Ivan Ivanov

Personal information
- National team: Kyrgyzstan
- Born: 27 April 1979 (age 47) Frunze, Kirghiz SSR, Soviet Union
- Height: 1.85 m (6 ft 1 in)
- Weight: 75 kg (165 lb)

Sport
- Sport: Swimming
- Strokes: Freestyle

= Ivan Ivanov (swimmer) =

Kyrgyzstani swimmer (born 1979)

Ivan Ivanov (Иван Иванов; born April 27, 1979) is a Kyrgyz former swimmer, who specialized in long-distance freestyle events. He is a single-time Olympian and a former Kyrgyzstani record holder in the 400 and 1500 m freestyle.

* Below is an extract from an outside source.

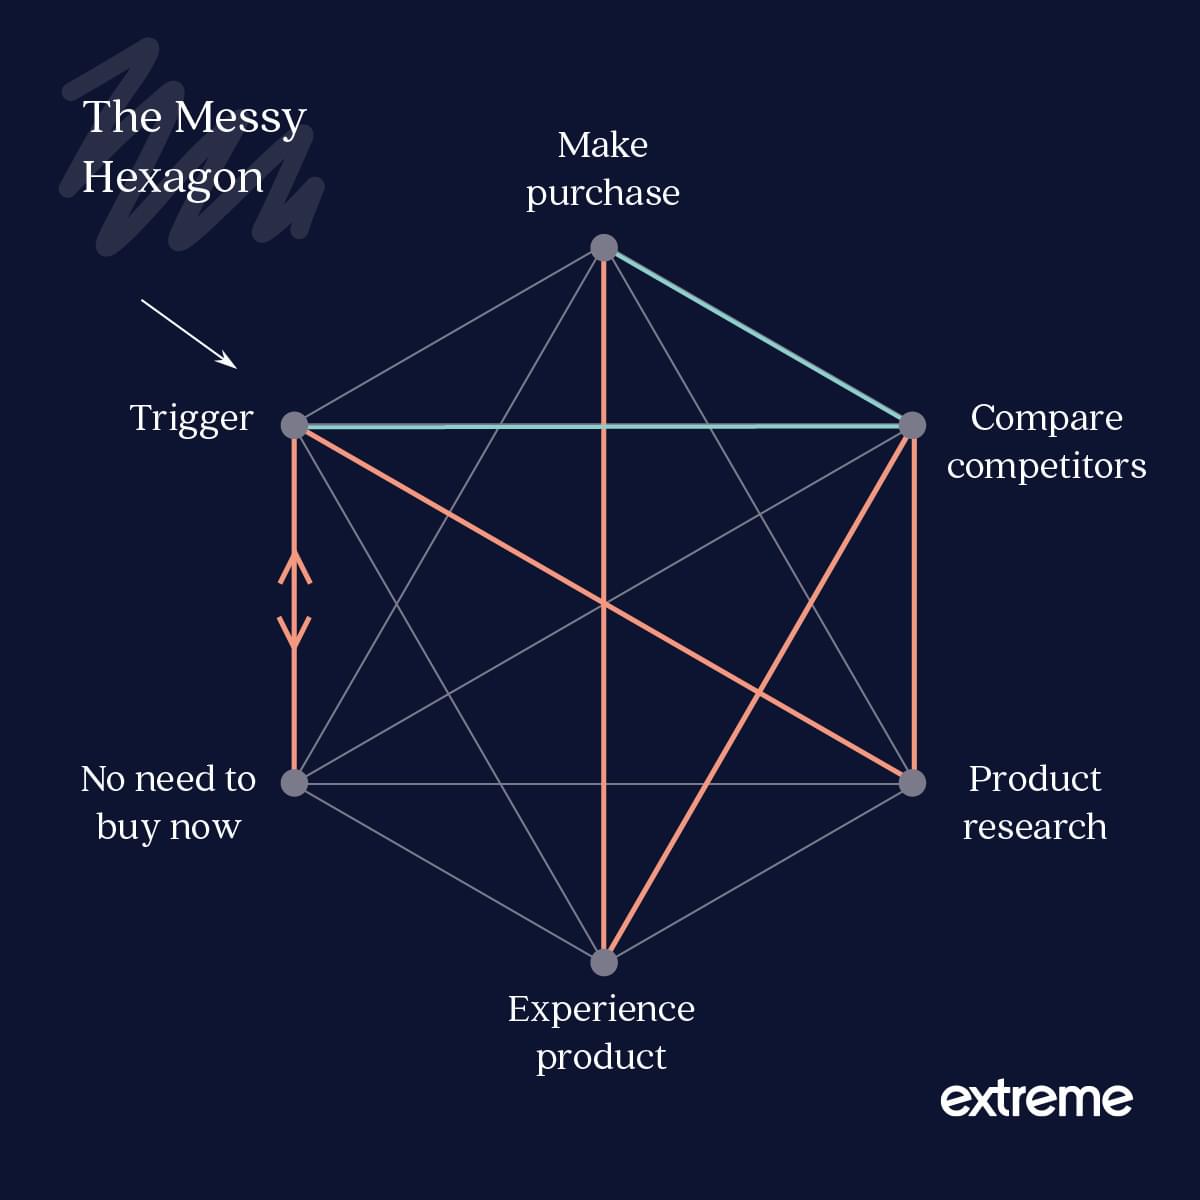 The Messy Hexagon, inspired by the Hankins Hexagon and The Messy Middle.

Ivanov competed in a long-distance freestyle double at the 2000 Summer Olympics in Sydney. He posted FINA B-standards of 4:04.35 (400 m freestyle) and 16:10.15 (1500 m freestyle) from the Russian National Championships in Moscow. On the first day of the Games, Ivanov placed forty-fifth in the 400 m freestyle. Swimming in heat one, he held off Nicaragua's Marcelino López by almost ten seconds to take a fifth spot in 4:09.33. Four days later, in the 4×200 m freestyle relay, Ivanov, along with Andrei Pakin, Aleksandr Shilin, and Dmitri Kuzmin, were disqualified from heat one for an early takeoff during the lead-off leg. In his final event, 1500 m freestyle, Ivanov participated in the same heat against Czech Republic's Vlastimil Burda and Chinese Taipei's Li Yun-lun. Before the start of the program's longest race, Ivanov was cast out of the field for a "no false-start" rule, leaving Burda and Li as the only two men standing.